Masalahnya, apakah kemudian selepas dari doa para pemimpin - Paus
yang Kristen, Peres yang Yahudi, dan Abbas yang Islam - di Taman Vatikan
lantas bermuara pada terciptanya kedamaian di dunia, terutama di daerah
asal para nabi, yaitu Israel dan Palestina? Tidak ada yang tahu. Yang
pasti, doa bukanlah pelarian ketika tidak ada lagi jalan-jalan lain.
Akan tetapi jika diresapi, dimaknai, dan dihidupi, melalui doa, niscaya
hati mereka yang sungguh-sungguh berdoa akan merasa saling mengasihi
karena doa merupakan ekspresi cinta di antara para sahabat.
Dengan kata lain, doa mensyaratkan supaya segala timbunan ego
diturunkan demi kemaslahatan bersama. Israel, misalnya, sudah harus
menurunkan dosis egoismenya dengan cara mengakui Palestina sebagai
negara. Bukan karena Palestina layak merdeka, melainkan karena hak dasar
setiap manusia itu adalah bebas dan merdeka. Sebaliknya, Palestina pun
harus bertanggung jawab penuh dan menggaransi kenyamanan bagi orang
Israel dan Kristen untuk berziarah secara bebas ke Betlehem. Pada saat
yang sama, Palestina pun harus mengakui Israel sebagai negara yang juga
berhak atas kota suci agama mereka, bahkan menggaransi tindakan-tindakan
radikal yang sering muncul di sana tidak ada lagi.
Itulah sebenarnya wujud konkret doa yang diharapkan oleh Paus dan
oleh kita semua melalui doa bersama ini. Harus ada pengorbanan dan
pergerakan maju yang berani dengan hati jernih. Harus ada pula rasa
saling menjaga, bukan saling mengintip. Lagipula, doa itu merupakan
sebuah pengorbanan, setidaknya karena doa, kita sudah berkorban untuk
sejenak memberi hati kepada Tuhan. Hal itu tentunya paralel bahwa sesama
sahabat yang sedang berdoa harus berkorban dengan cara menurunkan dosis
tuntutan. Masalahnya, apakah mereka berdoa hanya untuk pencitraan atau
keterpaksaan?
Doa Revolusioner
Kita tidak tahu. Yang pasti, kita telah sama-sama melihat dan
menyaksikan mereka berdoa. Kita yakin pula, dengan doa itu, mereka sudah
dicegah untuk melakukan hal yang tidak baik, apalagi yang mengkhianati.

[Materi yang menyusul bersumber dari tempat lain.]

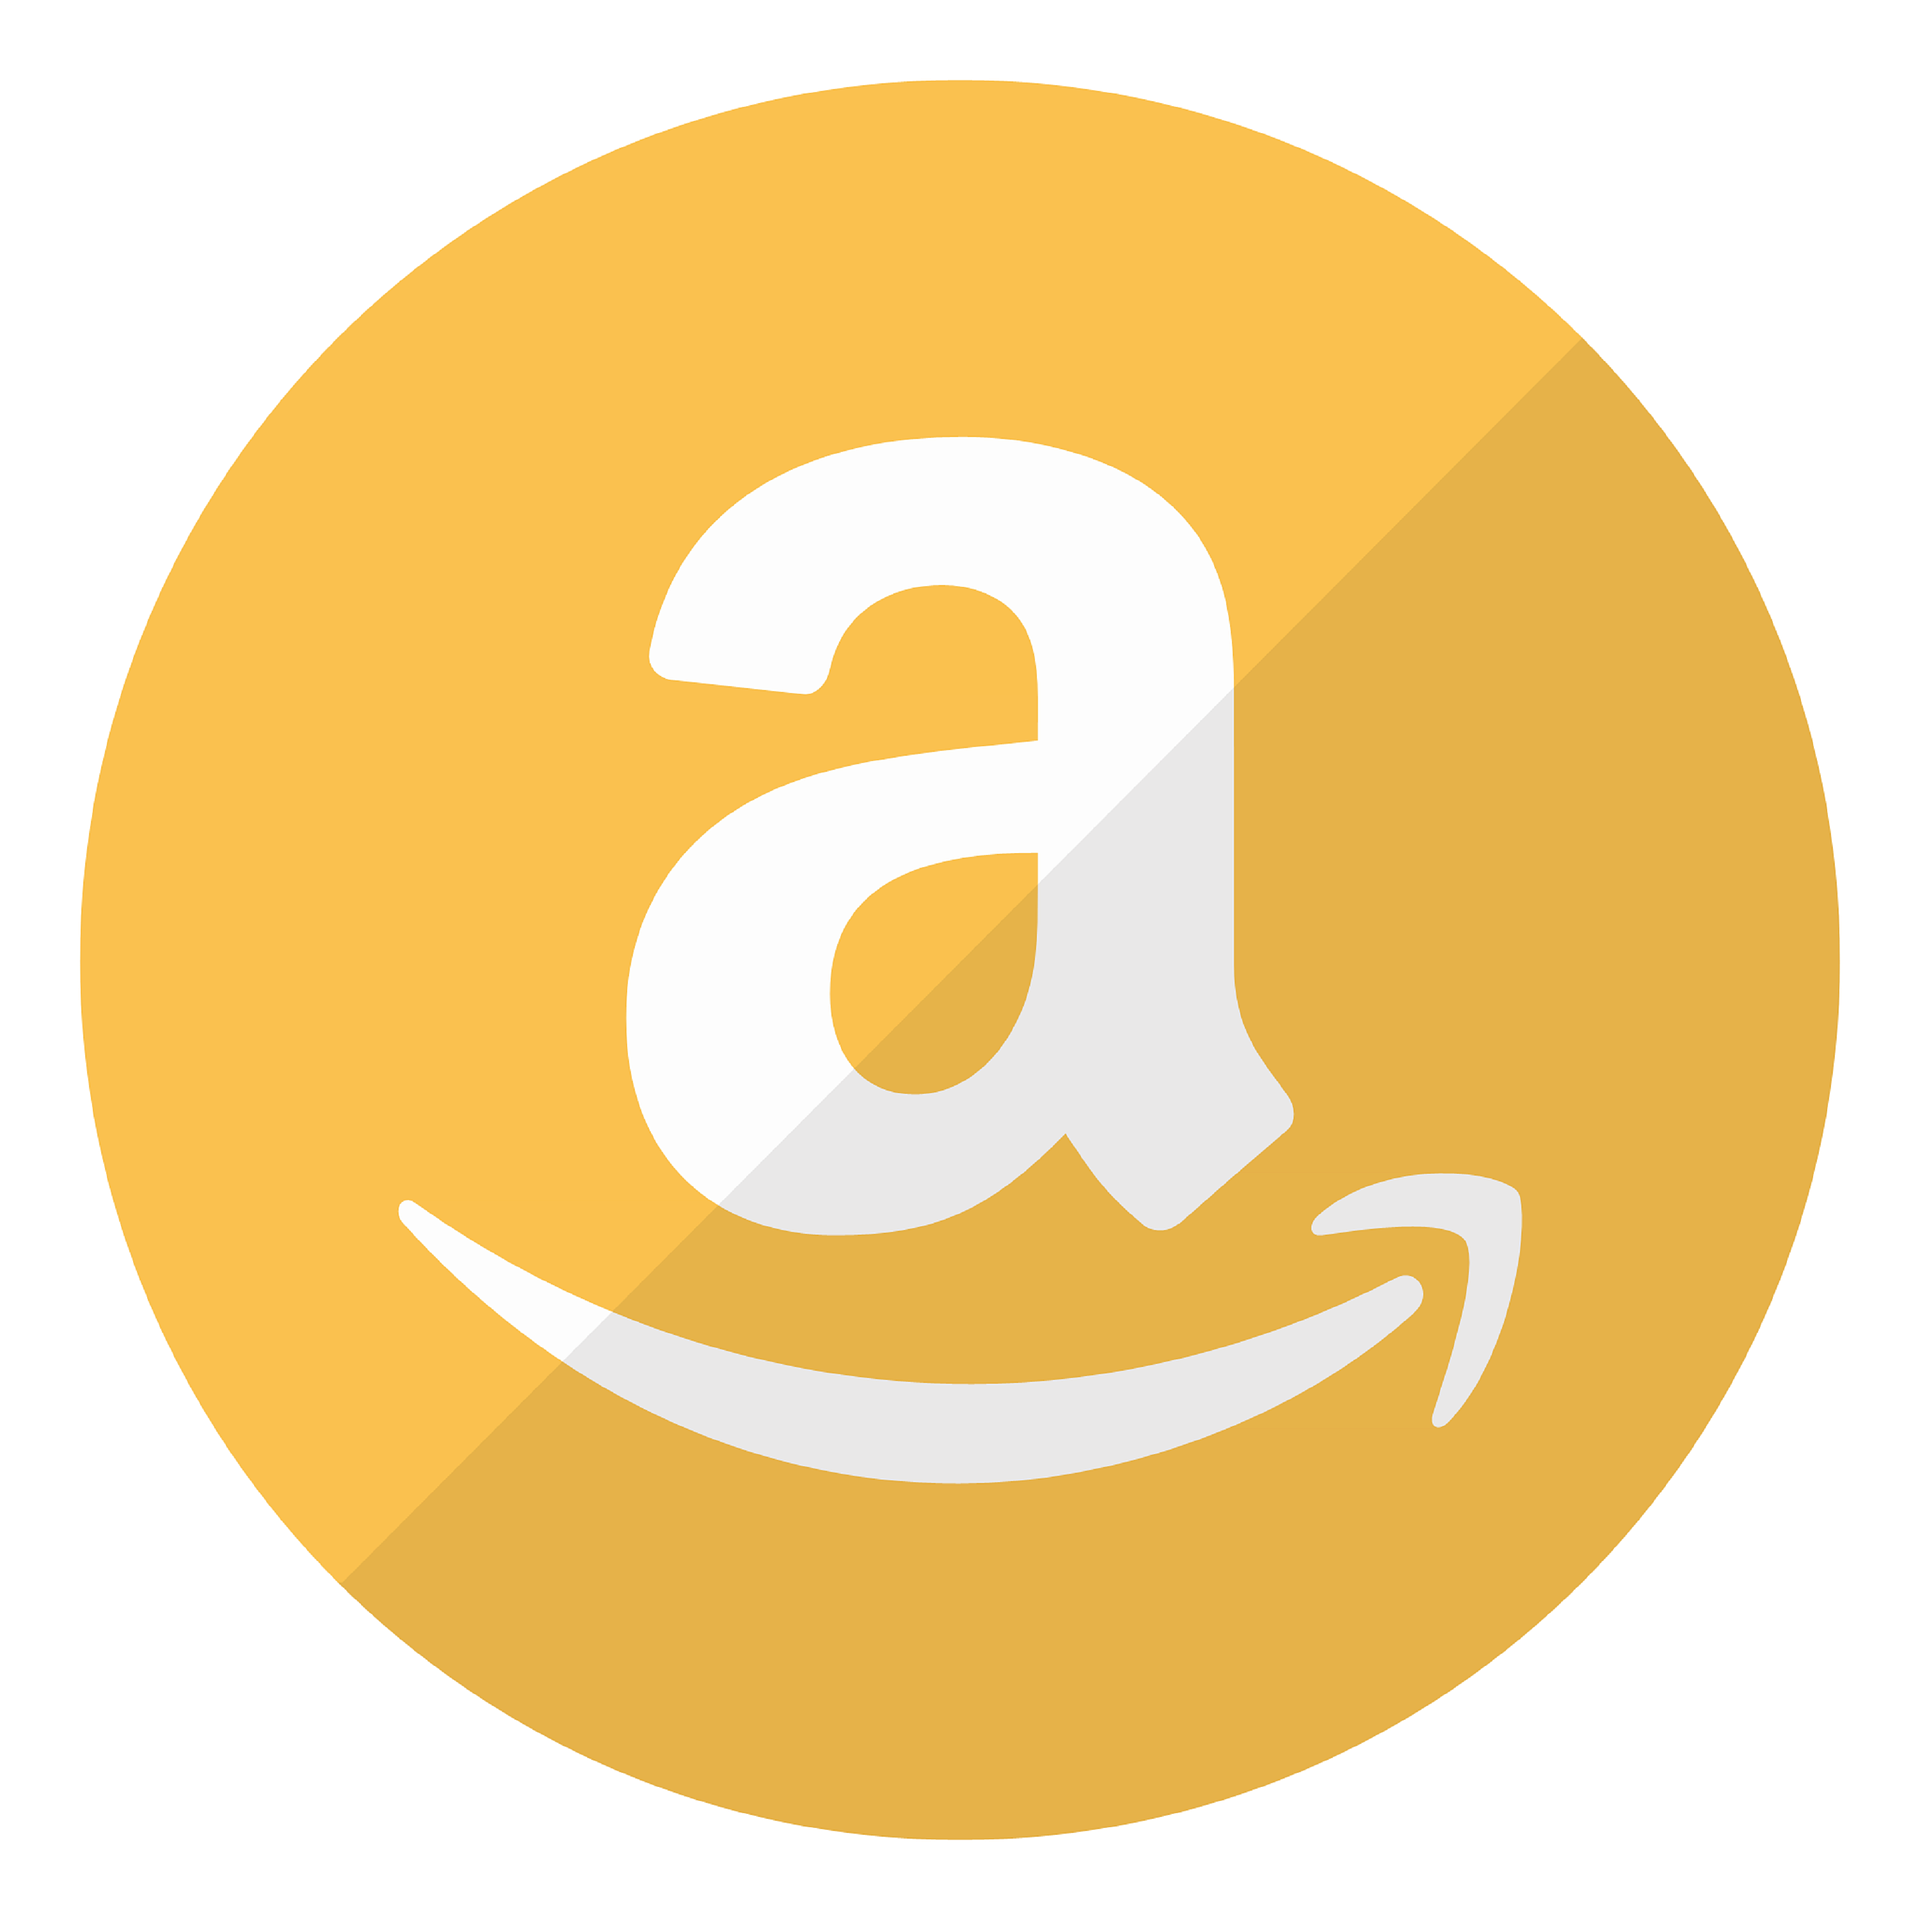 Contraffazione, Amazon reclama decisioni più drastiche e condivisione di informazione

Masalah mereka yang berdoa menjadi penyamun di kemudian hari adalah
masalah belakangan yang harus kita kutuk. Apalagi, kita meyakini doa
adalah sesuatu yang mengundang yang ilahi untuk hadir dalam hati yang
sesak. Seperti kata William Domeris yang mengartikan doa, terutama doa
yang diajarkan Yesus Kristus, tepatnya pada kalimat “ datanglah
kerajaan-Mu!” adalah sebuah doa revolusioner yang menikam jantung
kekuasaan dan penindasan pongah.
Hal yang sama, pada prinsipnya segala doa hanyalah undangan pada Yang
Ilahi untuk berkenan datang. Jadi, kalau mereka - terutama Peres dan
Abbas - sudah berani mengundang Yang Ilahi untuk hinggap di bumi, hal
itu sudah menjadi definisi lain bahwa mereka harus mengorbankan sesuatu
untuk Yang Ilahi itu. Apa Yang Ilahi itu? Dia adalah pembebasan hati
manusia dari setiap timbunan-timbunan kebencian.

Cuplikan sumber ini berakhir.